Зал взрывается аплодисментами, а Винсент с трудом стоит на подиуме. Рот у него приоткрыт. Он поворачивает голову. Видно, как он беспомощно моргает. Все происходит как при замедленной съемке. Он качается и долго-долго падает. Микрофон летит вниз. Какая-то женщина истерически вопит. Люди кидаются к подиуму, окружают Винсента, и его уже не видно за толпой желающих ему помочь.
Кто-то кричит:
— Нужен врач! Срочно!
Нужен врач? Мейер чувствует первый укол совести — она еще будет мучить его за то, что он подумал, будто Винсент пьян.
Толпа расступается, чтобы пропустить Мейера. Винсент лежит на спине, точнее, валяется, как тряпичная кукла — так выглядят даже самые аристократичные, когда оказываются по ту сторону сознания. Лицо у него пепельно-серое. Он что, мертв? Быть не может. Какой был Мейер бесчувственный, как гордился тем, что видел мертвых людей больше, чем кто-либо из всех его знакомых. Не так давно он хвастался Солу, что видел повешение. Да разве это знак отличия? Чем меньше трупов довелось увидеть, тем лучше.

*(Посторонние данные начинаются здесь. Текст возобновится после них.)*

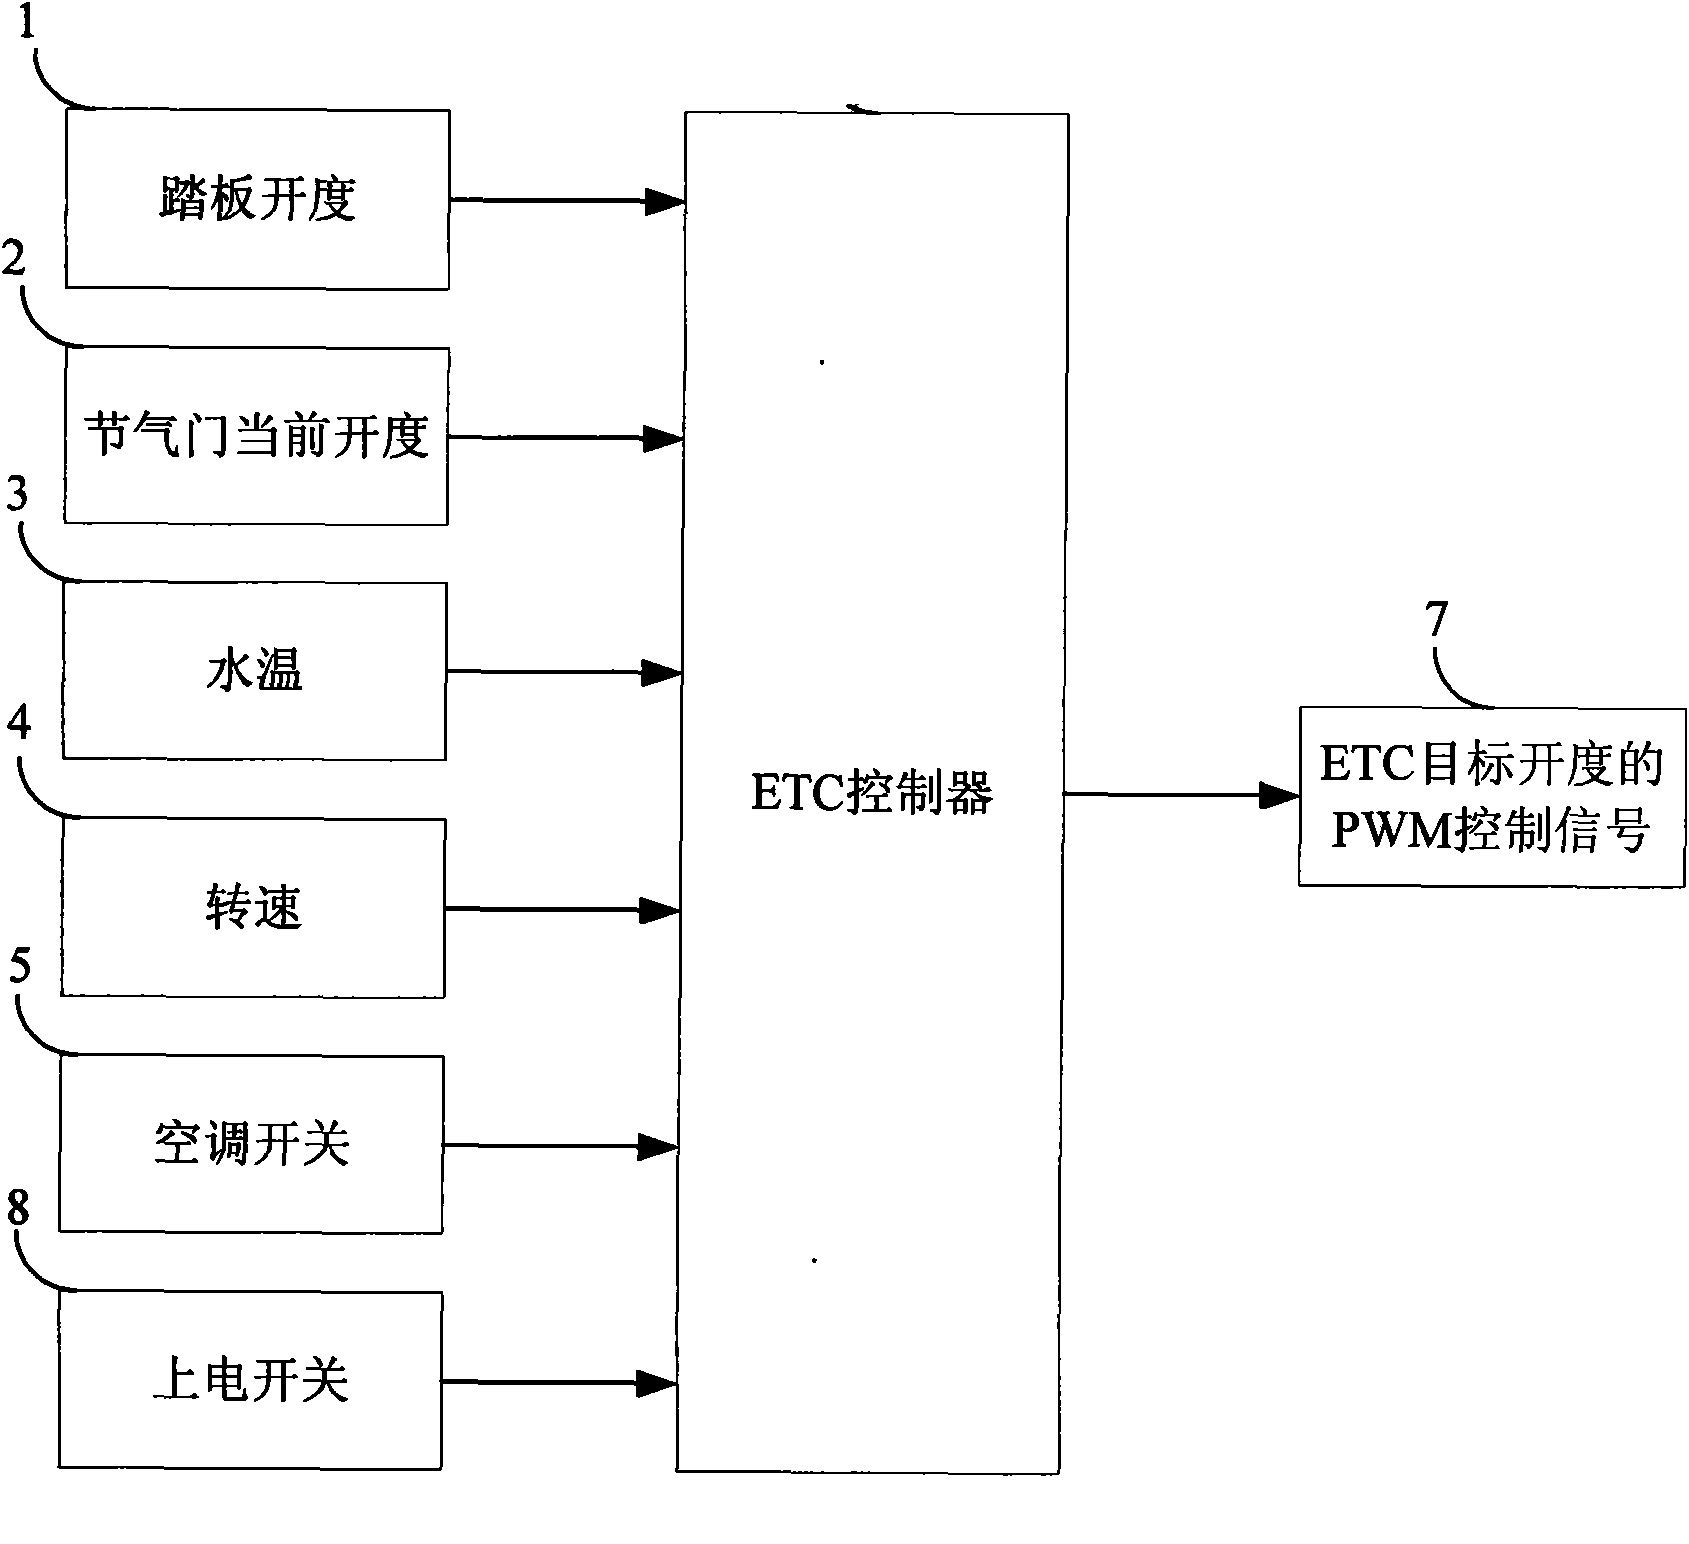 Electronic throttle controller of electronically controlled engine
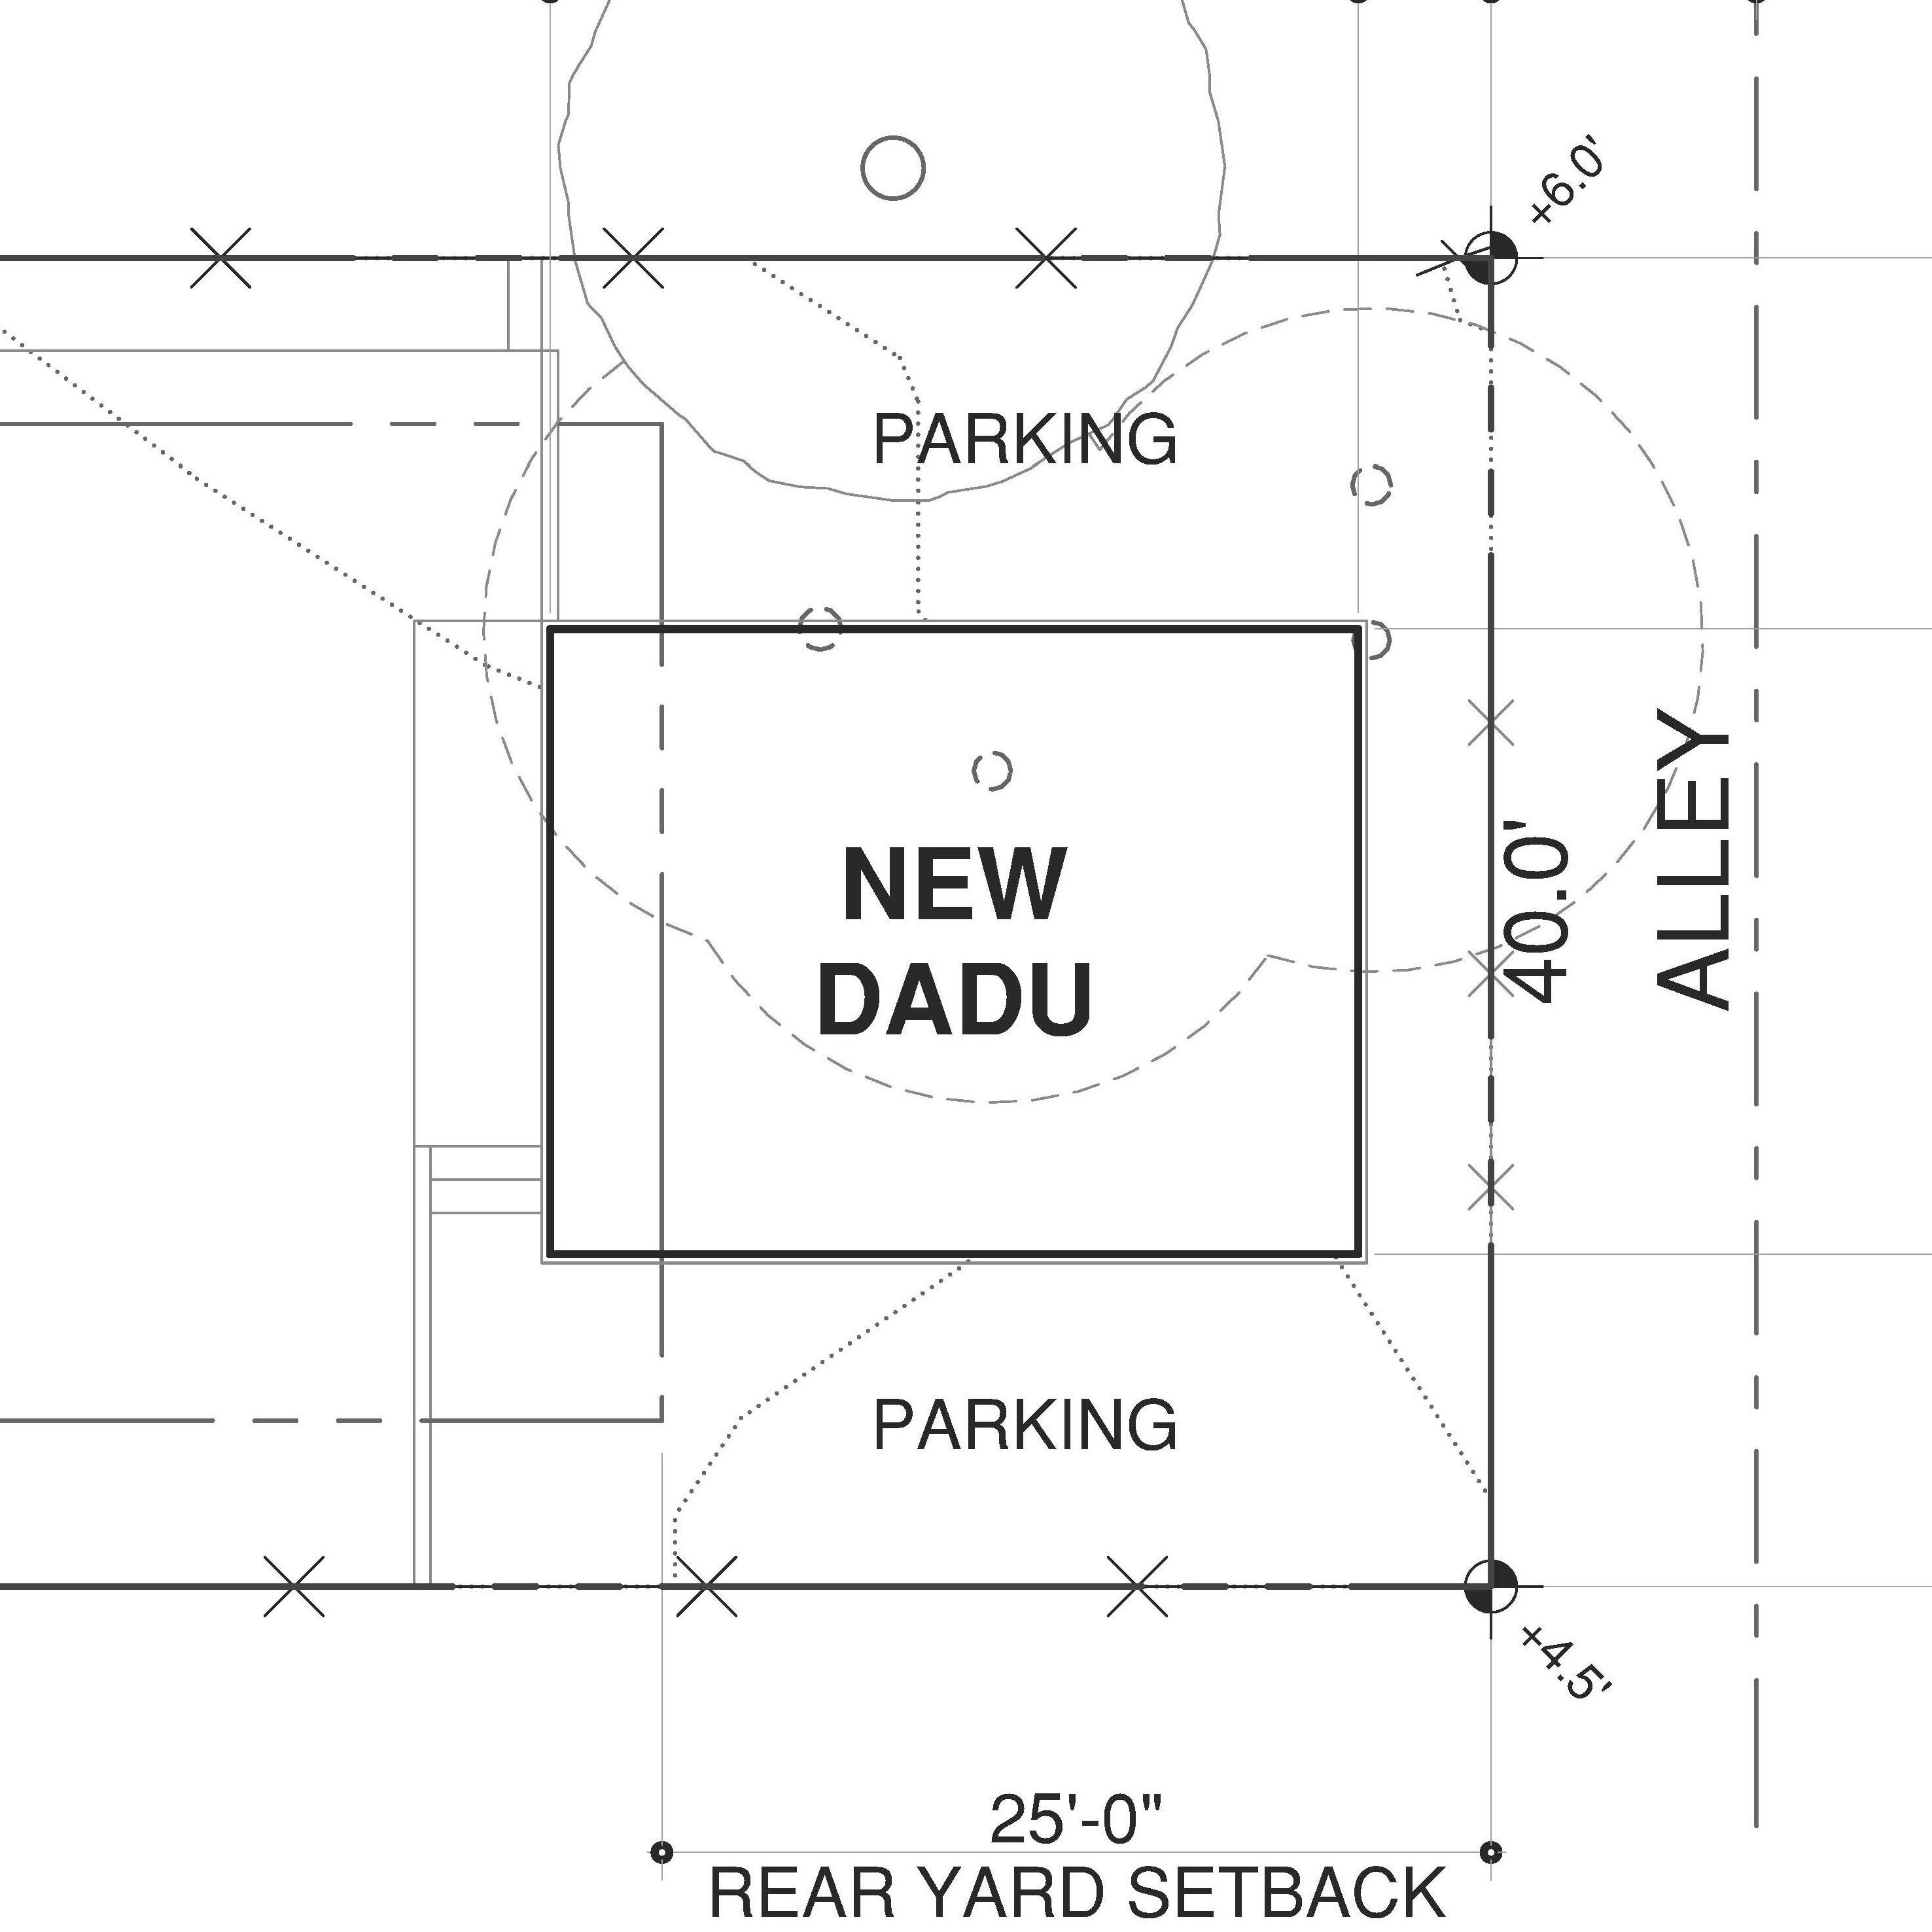 Designing A Dadu In Seattle Can I Build One On My Lot Cta

Над Винсентом склонился, делая ему искусственное дыхание, сам Ларри Тикнор. Самый крупный (как они надеются) благотворитель стоит на коленях, подложив руку Винсенту под шею, дышит рот в рот. С точки зрения фандрайзеров — это удача или провал? Мейер сейчас не может об этом думать. Главное — чтобы Винсент выжил. Мейер теперь по-настоящему напуган.
Мейер закрывает глаза и молится — так, как давно уже не молился. Это молитва без слов, без мыслей, всем организмом, а не мозгом. Словно каждая клетка тела напряглась, чтобы излить свою энергию в надежде, что все обойдется, что кризис не приведет к трагедии, к несчастью. Кому Мейер молится? Богу, которого он порой принимает как данность, но которого вспоминает только теперь, когда тот, кто ему дорог, валяется, распростертый на полу. Мейер отдаст все, все, что имеет, лишь бы Винсент очнулся.
Экстаз проходит, Мейер, из которого словно выкачали силы, оглядывается — смотрит, изменилось ли что-то за те краткие мгновения, когда силой молитвы его душа едва не отделилась от тела.